According to McGrath’s top prestige agent in Brisbane, Alex Jordan, one of the dominant trends today is downsizers buying up luxury apartments.

Alex says: “Despite the reported oversupply in Brisbane’s inner city apartment market, we are seeing great strength in the prestige apartment sector.

“The luxury apartment market ($1M+) is driven by owner occupiers, particularly baby boomers and empty nesters, who are attracted to less maintenance and better accessibility.

“Popular suburbs include New Farm, Newstead, Teneriffe, Kangaroo Point, South Brisbane, St Lucia, Paddington and the Brisbane CBD. These areas offer a desirable lifestyle with an abundance of shopping, dining and entertaining precincts at their doorstep.”

South East Queensland has so many options for asset-rich, cash-poor southerners. Many of our customers in Sydney and Melbourne are looking closely at South East Queensland both for investment and a potential sea change. I believe its affordability will continue to attract record levels of interstate migration.

If you live in Sydney or Melbourne and you’re struggling with the mortgage and cost of living, Brisbane is a fantastic alternative. It offers big city job opportunities, high quality education options and the chance to transform your financial future.
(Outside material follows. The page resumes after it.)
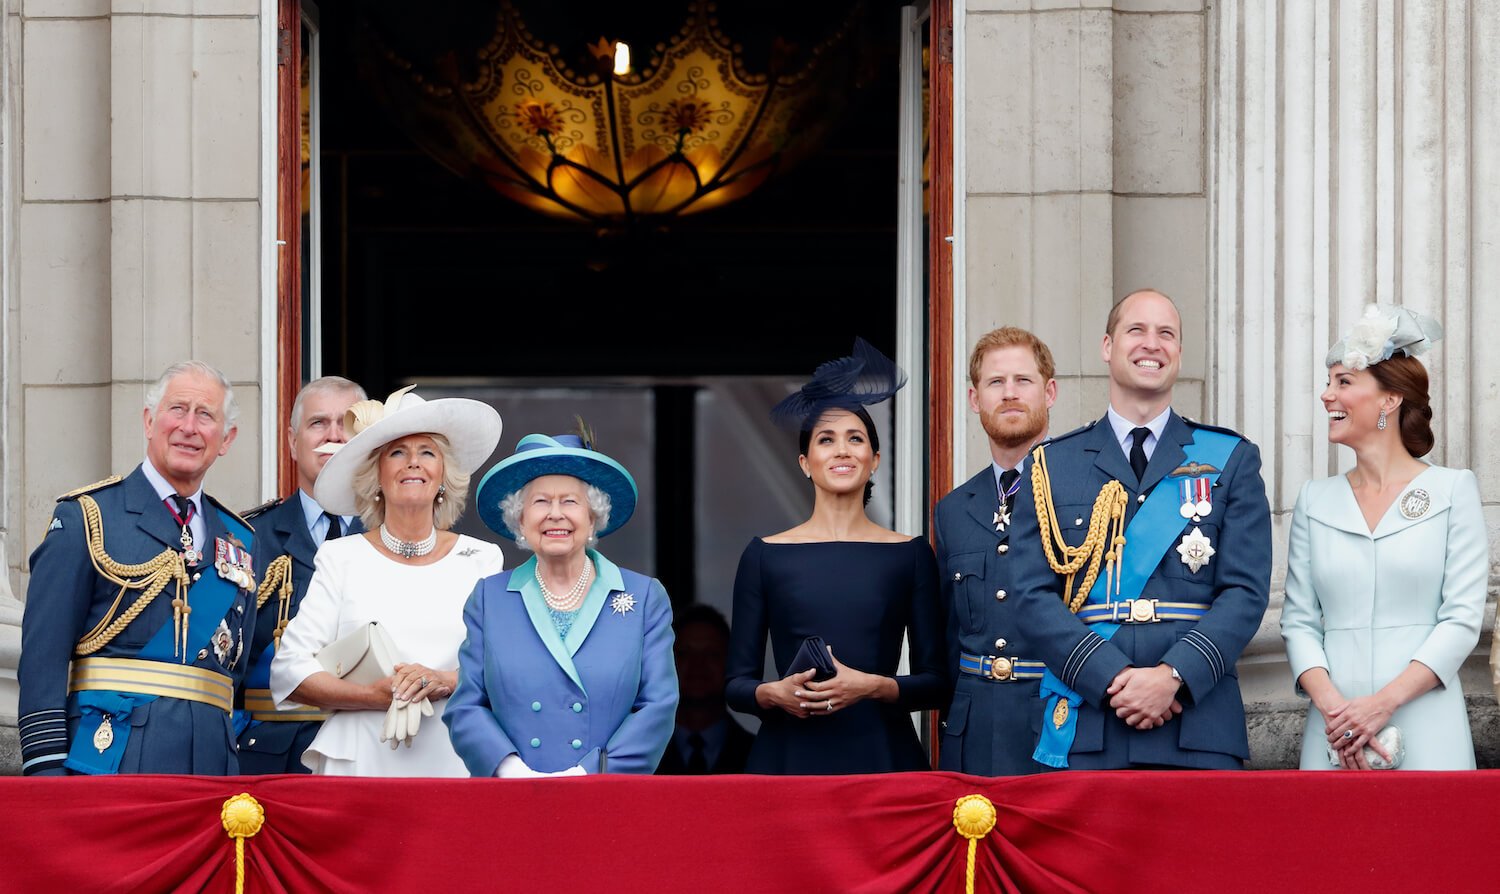 Prince Harry ‘Still Longs for Association’ With Royal Family Despite His Claims, Expert Says

The boom delivered Sydney and Melbourne home owners a capital gain of up to 75% – that’s enormous new equity that could be cashed in to fund an amazing new lifestyle with far less mortgage stress up north. Plus, you’d be buying in just before Brisbane’s next wave of price growth. It’s the perfect scenario.

I believe the area from the Gold Coast to Toowoomba and up to the Sunshine Coast is Australia’s golden triangle right now.

Toowoomba, with its expanded airport facilities which have opened up easy access to the south, is the perfect and affordable treechange destination. Known as Queensland’s Garden City, about 2,300 people moved here from Brisbane last year for its cheaper house prices and enjoyable regional city lifestyle.

Both the Gold Coast and Sunshine Coast are also appealing sea change options benefitting from a raft of new infrastructure that will drive further population growth and generate more local jobs.

Brisbane is one of the world’s great cities but I don’t think this is fully realised as yet. If you haven’t been to Brisbane for a number of years, get on a plane. This is a thriving city that offers many of the lifestyle amenities you love about the southern capitals but at a much cheaper price.

I think Brisbane will also become very attractive to migration and investment from Asia in the years ahead.

South East Queensland is offering opportunity everywhere for both owner occupiers and investors alike. Now’s the time to consider what Australia’s premier lifestyle market can do for you!